--- START ---
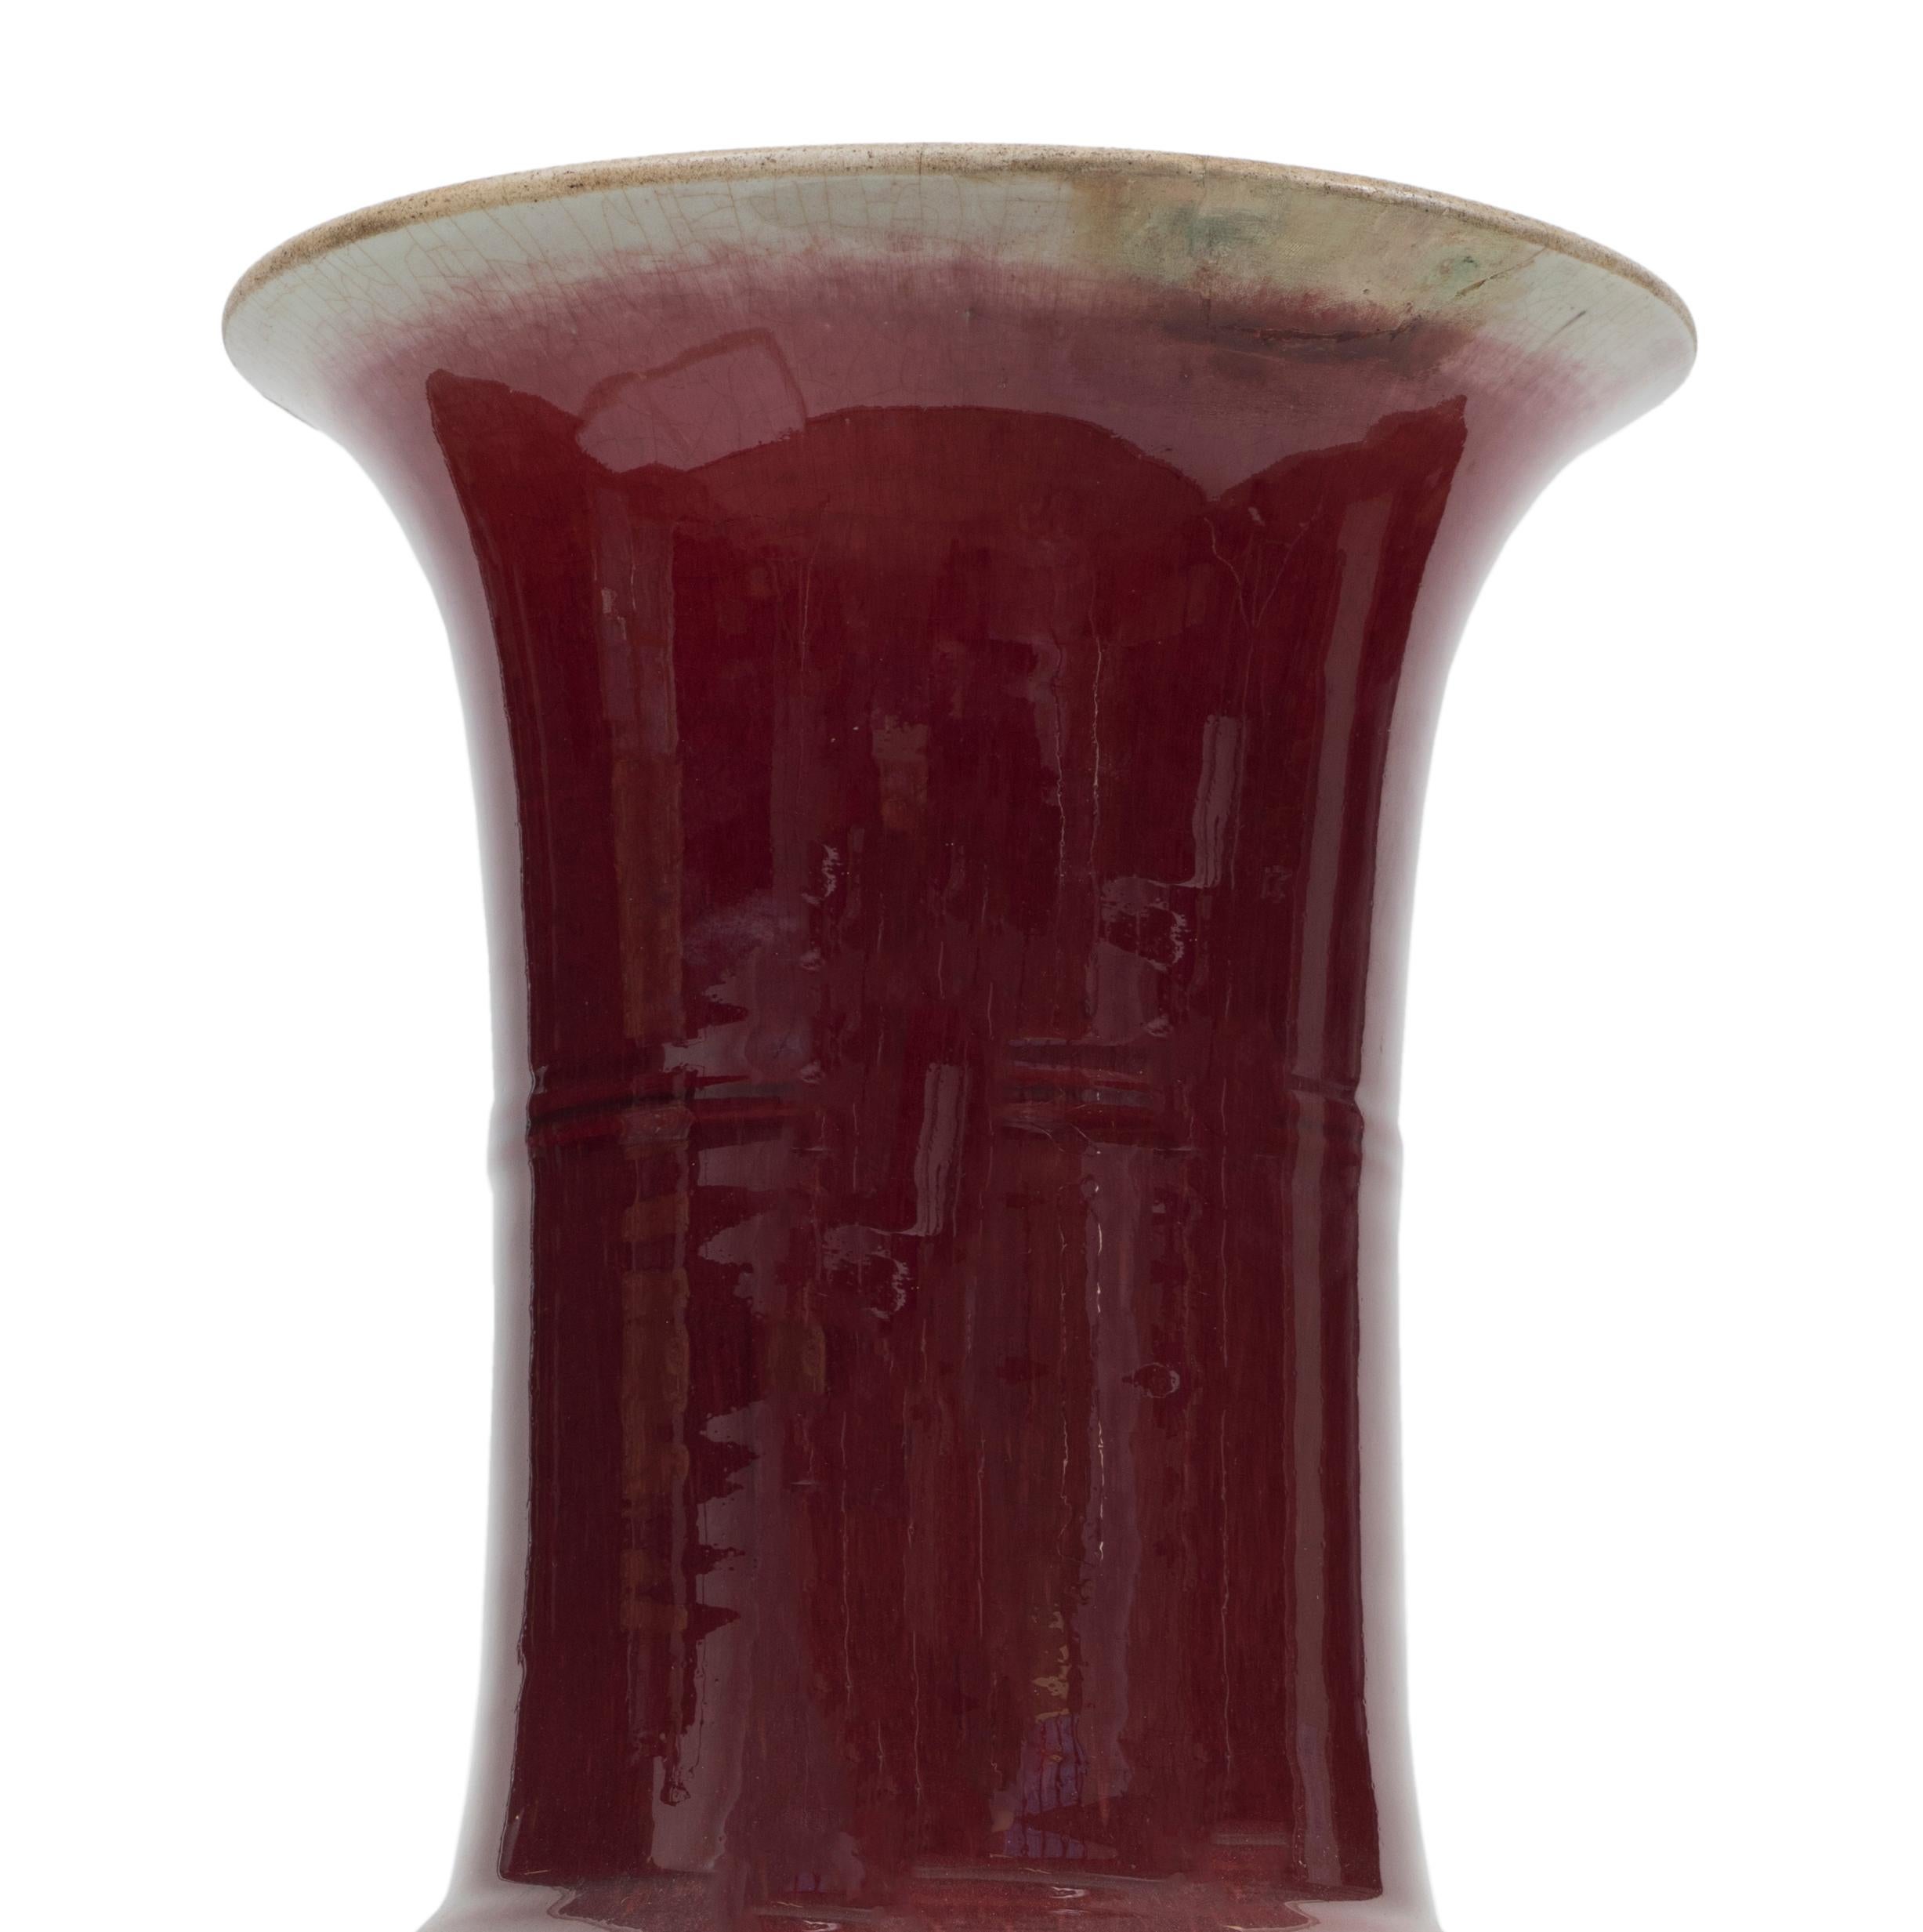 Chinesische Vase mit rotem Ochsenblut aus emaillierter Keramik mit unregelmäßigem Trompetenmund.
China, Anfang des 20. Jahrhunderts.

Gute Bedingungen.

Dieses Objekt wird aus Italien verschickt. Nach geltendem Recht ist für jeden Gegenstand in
--- END ---
• _Task statement_: Everything from the line containing "China, Anfang des 20. Jahrhunderts." to the last line of the material above should be printed exactly, both ends included.

• _Output below_:
China, Anfang des 20. Jahrhunderts.

Gute Bedingungen.

Dieses Objekt wird aus Italien verschickt. Nach geltendem Recht ist für jeden Gegenstand in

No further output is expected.